1. Overview
The SPSS (.sav) format presents data in the same wide structure as the Wide format export (one row per respondent, one column per question) but also includes additional metadata for each variable. This makes it the preferred choice for researchers using SPSS, Stata, or other statistical tools that can read .sav files.
2. File Structure & Layout
Each row corresponds to one respondent.
Each column corresponds to one question or metadata field.
Variable names follow the same convention as Wide format (e.g., V001_respondent_id, V002_Recent_Restaurant_Visit).
Example (first 5 columns):
V001_respondent_id | V002_Recent_Restaurant_Visit | V003_Age | V004_Gender | V005_Ethnicity |
0097ac15-868c-6608-25fc-c0fe2cd884a8 | Yes | 35 | Female | White |
012a5d8b-9dc4-2132-782d-73742be4088f | Yes | 21 | Female | White |
022b6b43-6304-2dc5-0830-10d98bd7dee3 | Yes | 18 | Male | White |
3. Key Columns
V001_respondent_id – Unique identifier for each respondent.
Question columns (V###_…) – Same as Wide format but with metadata.
Weight column (e.g., V171_weight) – Statistical weight for the respondent.
Timing columns (e.g., V172_start_time, V173_end_time) – Survey start and completion timestamps.
4. Data Representation
Single-choice questions
Stored as one column per question with the selected answer recorded.
Multi-choice questions
Each option is represented as a separate column. Values indicate whether the option was selected, and may also include rank order (e.g., -1 = not selected, 1 = selected first, 2 = selected second, etc.).

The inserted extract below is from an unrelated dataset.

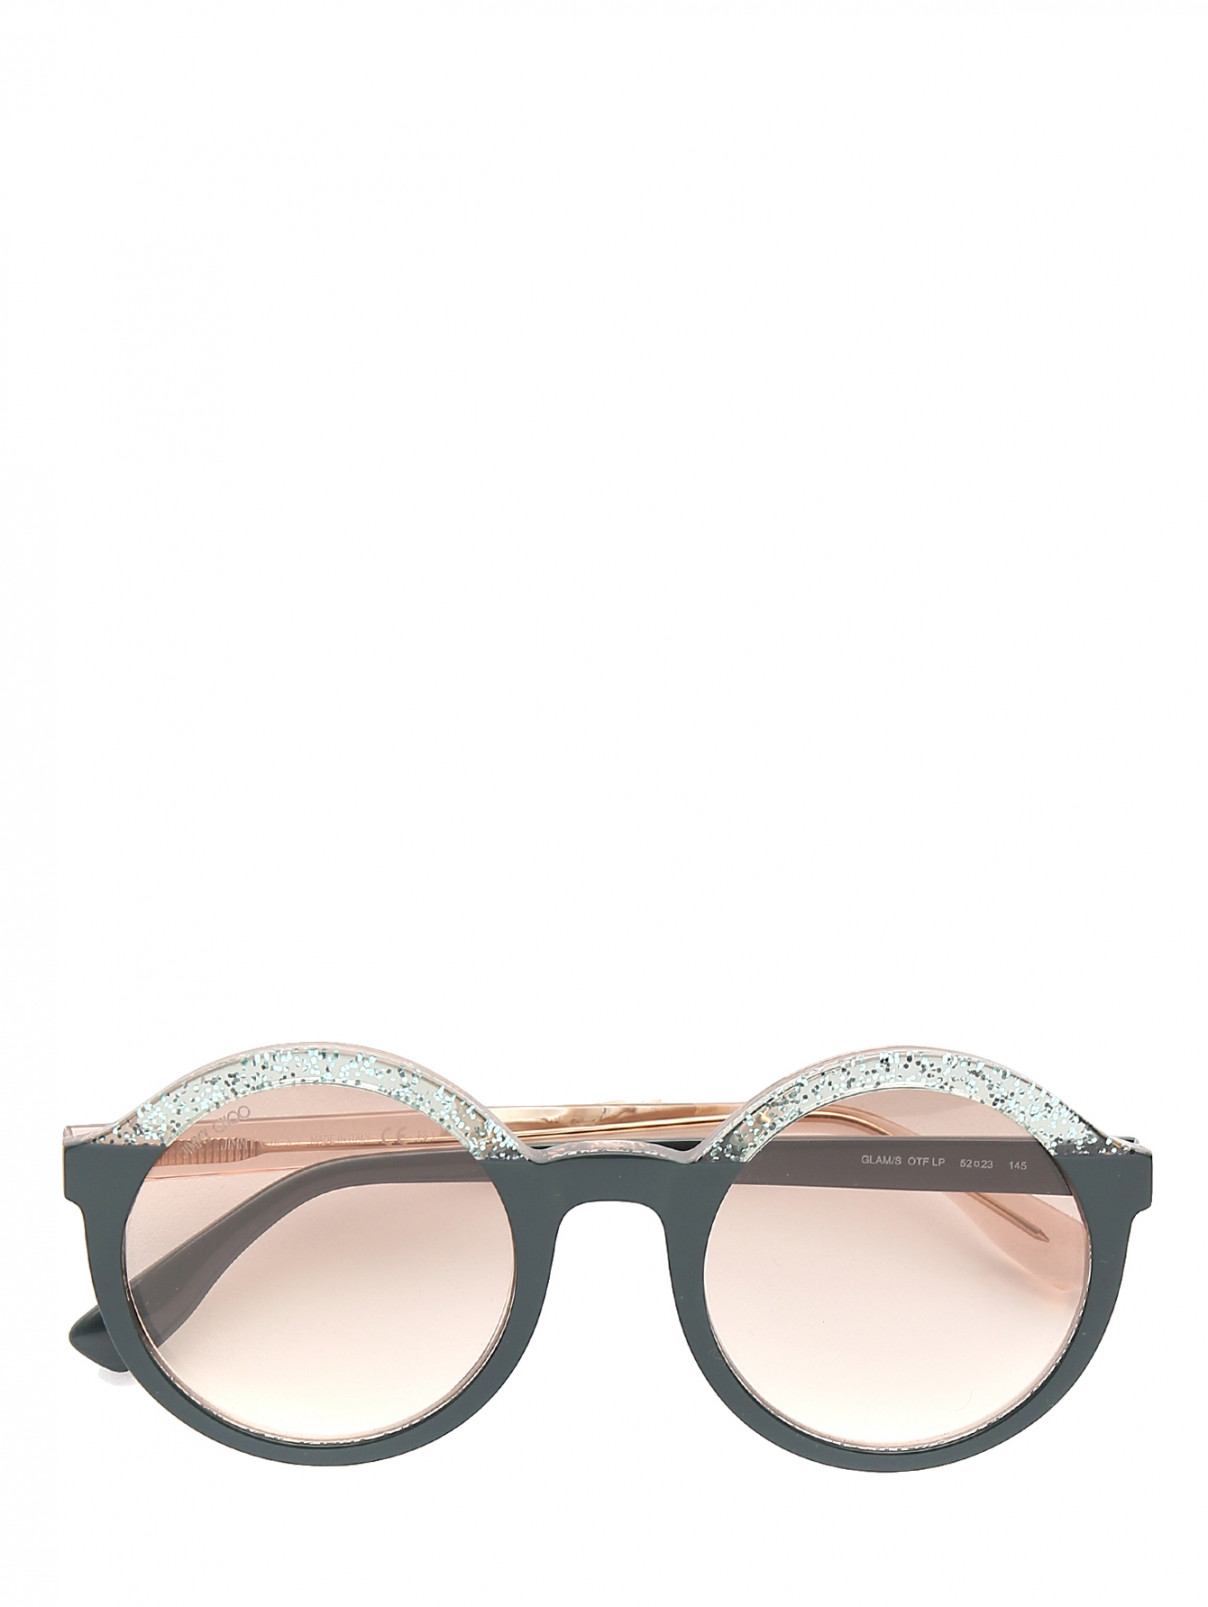 Солнцезащитные очки в оправе из пластика декорированные блестками Jimmy Choo  –  Общий вид  – Цвет:  Зеленый

You may want to consider defining MRSETS within SPSS to facilitate easy reporting, as this is not something that MX8 Labs includes in the export file.
Numeric questions
Stored directly as numeric values.
Open-end questions
Stored as free-text responses.
⚠️ Note: Recoded variables and coded open ends are not included in the SPSS format (they are available in the Long format).
5. Metadata Provided
The SPSS format includes additional metadata that makes analysis easier:
Variable labels – Full question text (e.g., “What is your gender?”).
Value labels – Mappings of codes to human-readable labels (e.g., 1=Male, 2=Female, 3=Non-Binary).
Measurement levels – Nominal, ordinal, scale, etc., depending on the question type.
Missing value definitions – Explicitly marked missing values (e.g., -1 = Not selected).
Variable types – Numeric, string, date/time.
This metadata ensures the dataset is analysis-ready in SPSS and other statistical software.
6. Missing & Special Values
-1 typically denotes unselected or non-applicable options.
Empty cells may represent skipped questions.
“Prefer not to say” appears as a standard category.
7. Weighting
Apply the weight column in analysis to ensure results reflect target population.
8. Best Practices
Use the built-in metadata in SPSS/Stata to reduce manual labeling.
Leverage variable labels to quickly identify questions.
Use value labels to decode numeric response values.
Match V### codes with reporting_id from the Long format if you need to cross-reference.
9. When to Use SPSS Format
For researchers working in SPSS, Stata, or other statistical software.
When you want metadata-rich survey data without needing to import a separate codebook.
For advanced statistical analysis requiring labeled variables and categories.